New StingRay Policies for both Washington State and the Department of Justice

news-police-stingrayBy Matthew McCoy

Both the State of Washington and the United States Department of Justice (DOJ) have recently issued new policies regarding law enforcement’s use of cell site simulators. Colloquially known as StingRays, cell site simulators spoof cell towers and trick mobile devices in close proximity to the simulator into connecting with it and unveiling their unique location information. While it is possible to initiate more sophisticated attacks, such as deception and logging of message contents, the DOJ asserts in its new policy that its Stingrays are not configured with such capabilities in accordance with the pen register and trap and trace definitions in 18 U.S.C. §3127(3).

Previous use of StingRays, unveiled by research by privacy advocates, show that both federal, state, and local law enforcement entities have been previously approved under traditional pen register/trap and trace orders. While the DOJ argues that obtaining authorization pursuant to the Pen Register Statute is appropriate for these devices, critics say pen registers, which record the numbers dialed to and from a phone, are different than cell site simulator technology, which record a phone’s location and manipulate how a phone connects with its cellular network.Motivated by this discrepancy and cries from privacy advocates, Washington joined a series of other states in passing StingRay legislation. While not the first to require a warrant under probable cause for the use of a StingRay, Washington’s data regulation and deletion policies are the first of their kind in the nation. Signed into law May 11th, RCW 9.73 requires law enforcement to request an ex parte order authorizing the use of the device. The request must include the type of data being collected, and it requires that law enforcement take “all steps necessary” to permanently delete any information or metadata collected from any party not specified in the court order. Additionally, law enforcement must delete the data from the target within thirty days if there is no longer probable cause to support the belief that such data is evidence of a crime.

The DOJ issued their policy guidance on the use of cell site simulator technology on September 3rd.

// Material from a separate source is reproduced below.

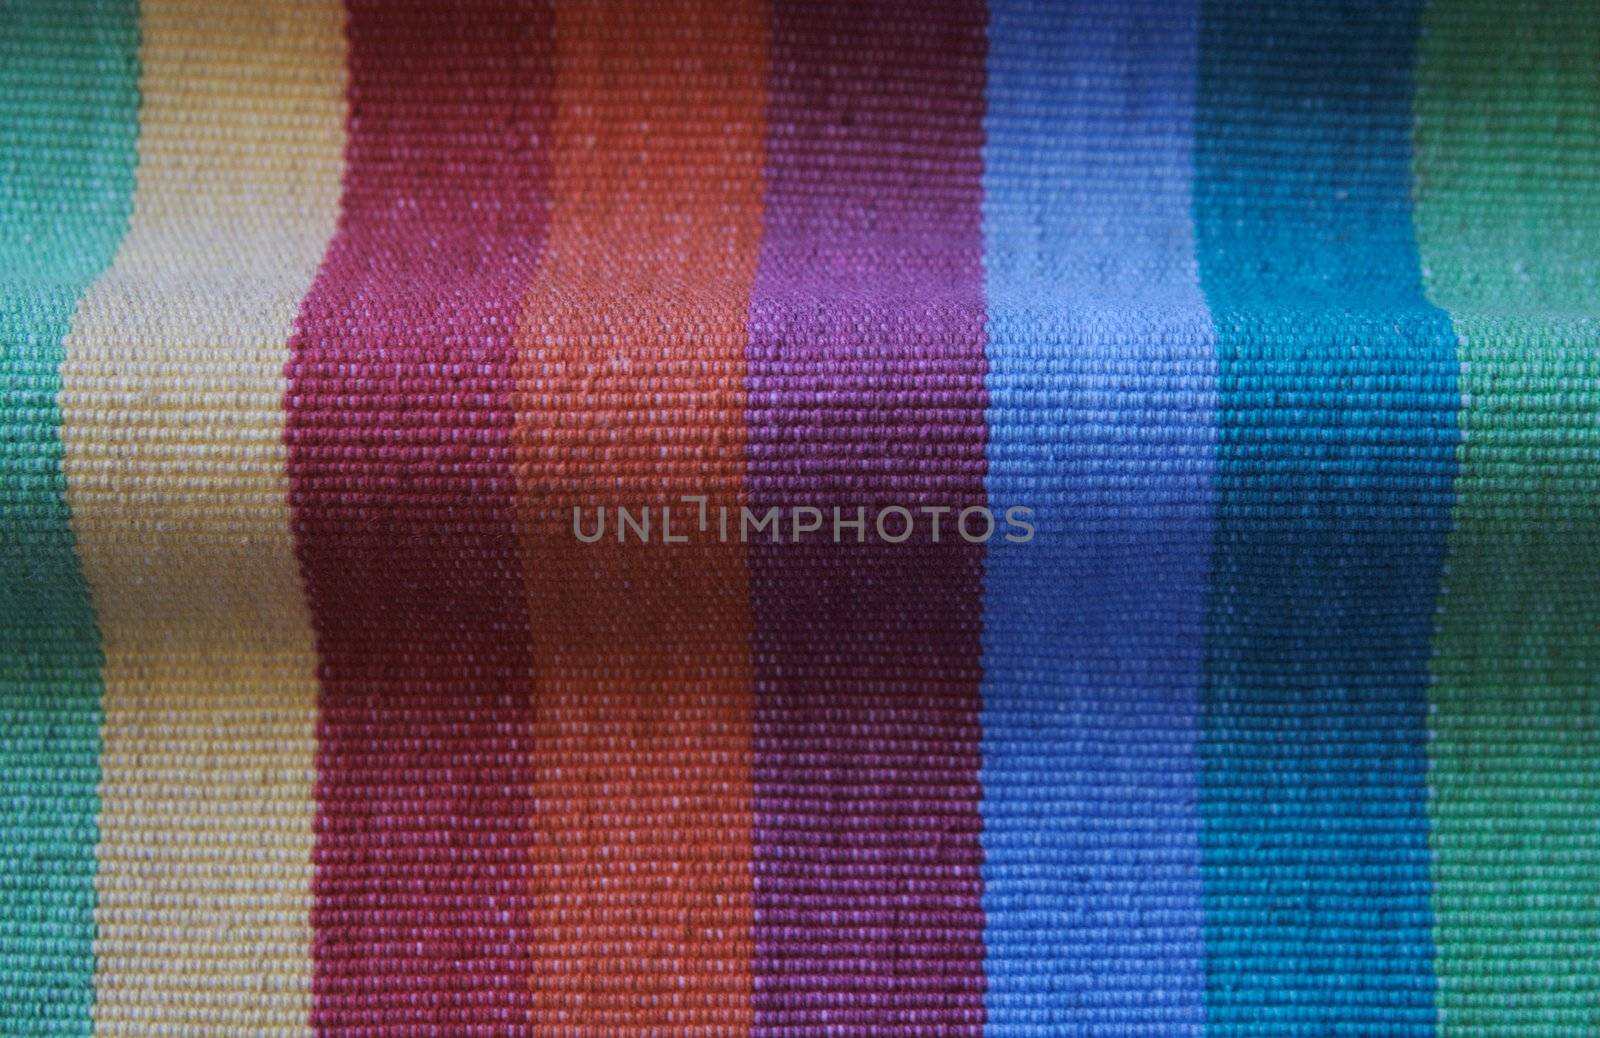 curving fabric in bright, cheerful multicolored shades
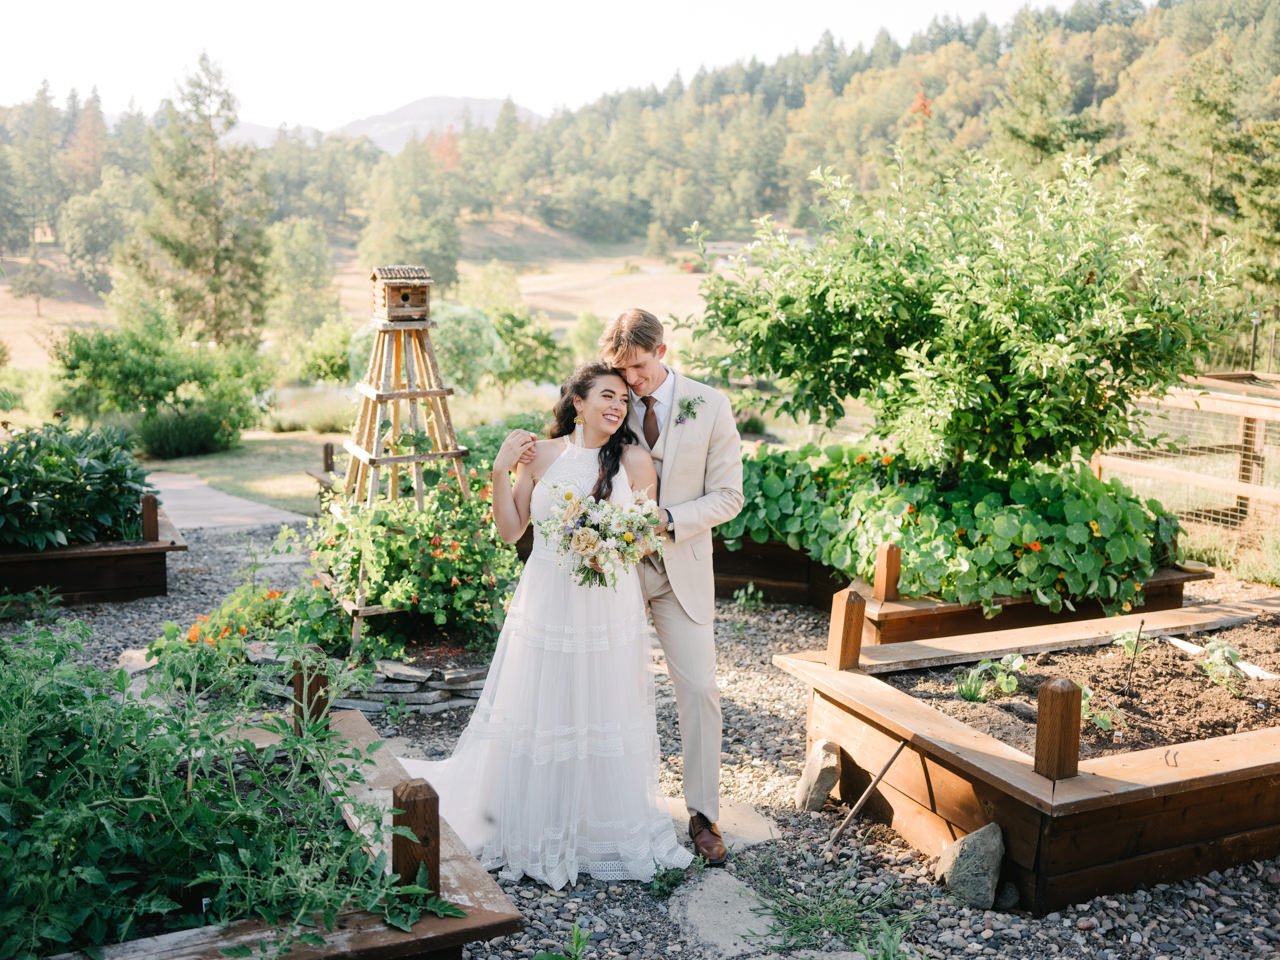  Bride and groom standing together in garden of raised beds and birdhouse with southern Oregon valley in background

While defending its previous use of cell site simulators under the pen/trap framework, the new DOJ policy now requires law enforcement to either seek a warrant in addition to a pen register order, or seek a warrant that contains all the information required in a pen register oder pursuant to 18 U.S.C. §3123. The new DOJ policy does not require law enforcement to request a warrant under exigent circumstances. in order to receive a warrant, law enforcement requests must describe the general terms of the technique to be employed, including the description that the investigators plan to send signals that will cause both the target cell phone, as well as other non-target phones in the area, to emit unique identifiers and location information, and that the cell phones affected may experience temporary disruption of service from their service provider because of the technology in use.

The DOJ’s policy also follows Washington’s lead in requiring data retention and deletion standards. The guidance requires the warrant application to detail how the data collected will be used and disposed. All data must be deleted within thirty days, or once the target device is found, mirroring Washington’s law.

Perhaps this hints at a recipe as to how privacy and civil liberties policy can be affected; lead with state laws, which pressure federal policies to follow suit. Whatever the case, it is evident Washington State is, and can continue to be, a leader in this field.